Healthcare: Counting the cost – and who’s being left behind?

Healthcare: Counting the cost – and who’s being left behind?
Ilustrative image. Photo: Vidal Balielo/Pexels

Countries all over the world are trying to extend free healthcare to their poorest citizens — but many governments are still intent on keeping their medicine price negotiations with pharmaceutical companies secret, the World Health Assembly, now under way in Geneva, heard. It was also told the world is short of 18 million health workers to reach all those who need care.

For 10 years, Bolu Rambhav Omble, a 65-year-old labourer from Pune in India, suffered from pain and swelling in his knee. But he needed a knee replacement that would cost three times more than his entire family earns in a year.

Then Bolu discovered that he was eligible for free surgery under India’s new Ayushman Bharat insurance programme, which was launched last year (2018), with support from the World Health Organisation (WHO).

A week later, Bolu had the operation and began physiotherapy. He’s now back on his feet and back to work,” said WHO director-general Dr Tedros Adhanom Ghebreyesus.

India’s Ayushman Bharat health insurance scheme, launched in September 2018 by uniting a number of smaller schemes, offers up to $7,100 of free healthcare a year to about 100 million of that nation’s poorest families.

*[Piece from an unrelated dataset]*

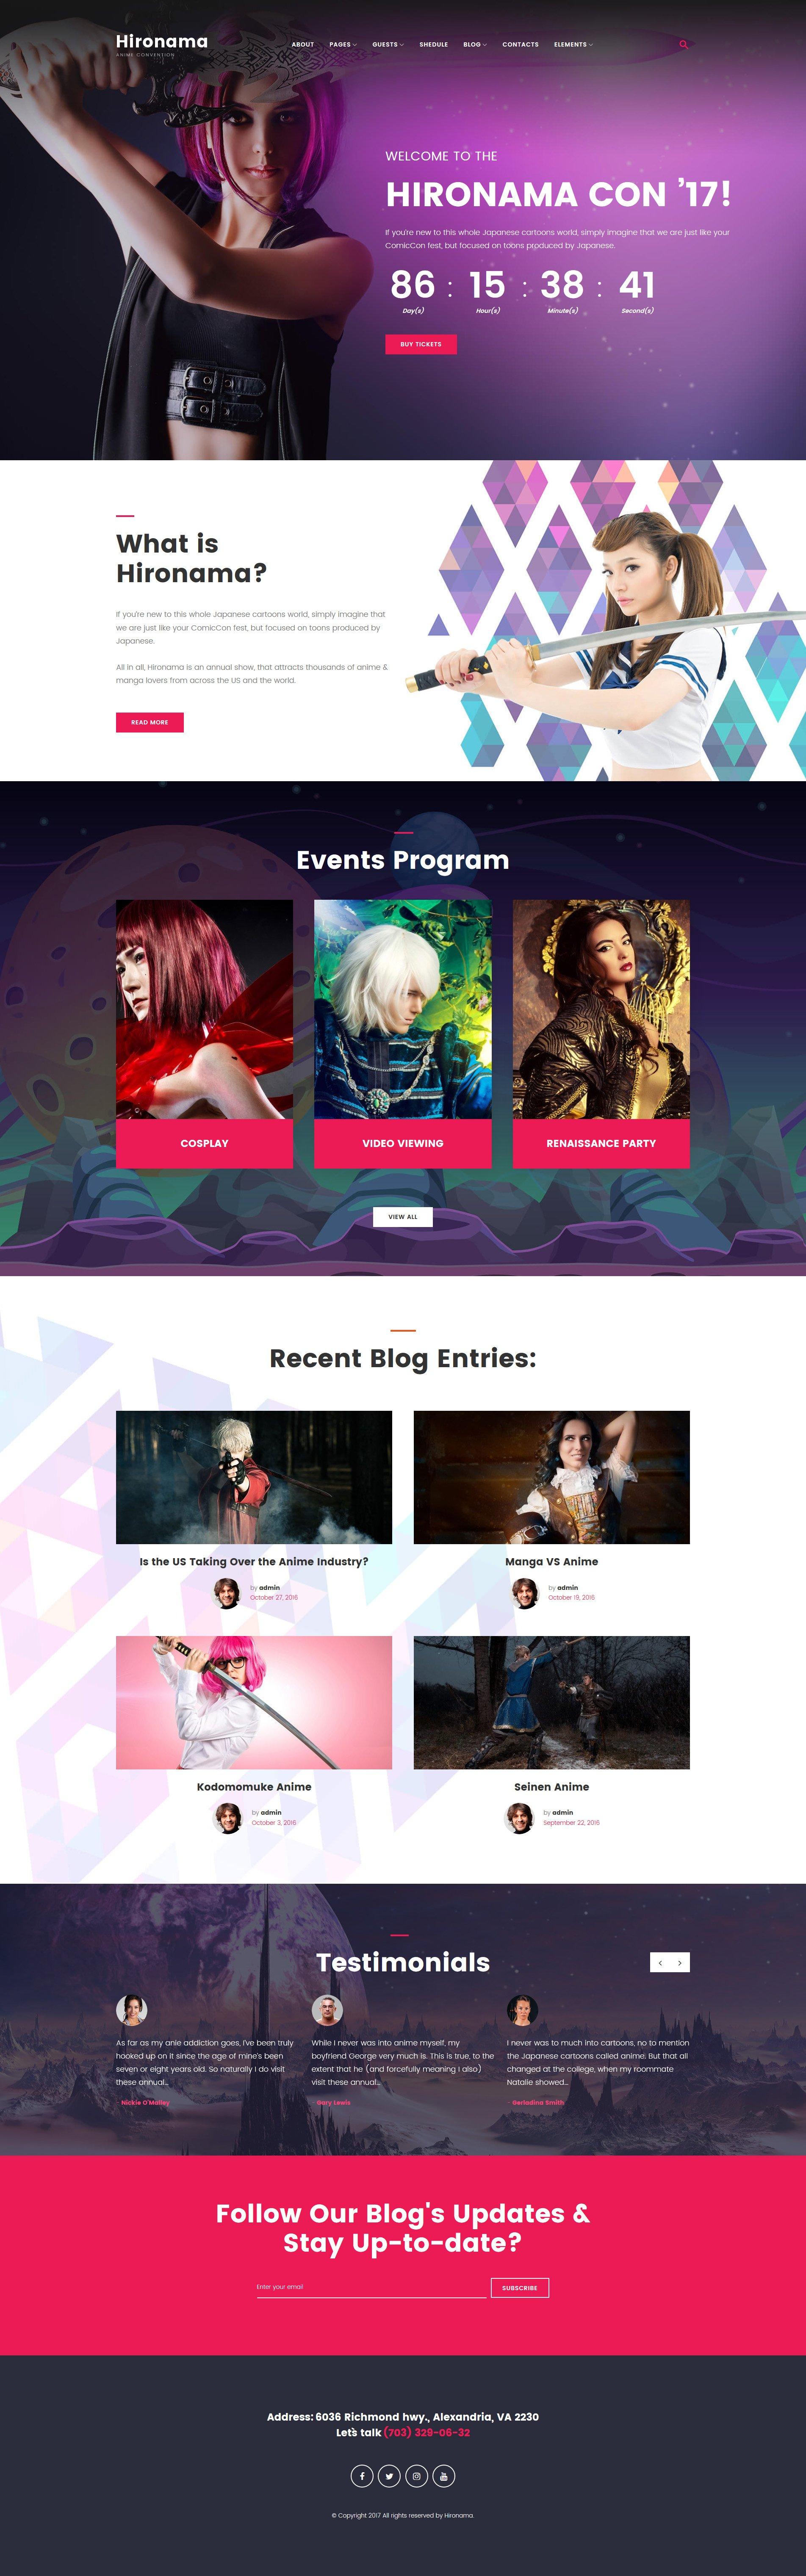 Hironama - Anime Convention WordPress Theme WordPress Theme - screenshot

It is the biggest universal healthcare effort in the world, and marks global acceptance that a person’s access to pain relief and medical treatment should have nothing to do with their social status or whether they have money in their pocket.

Dr Tedros recounted Omble’s story at the opening of the World Health Assembly last week, the annual meeting of global leaders of all 195 countries that are members of the WHO.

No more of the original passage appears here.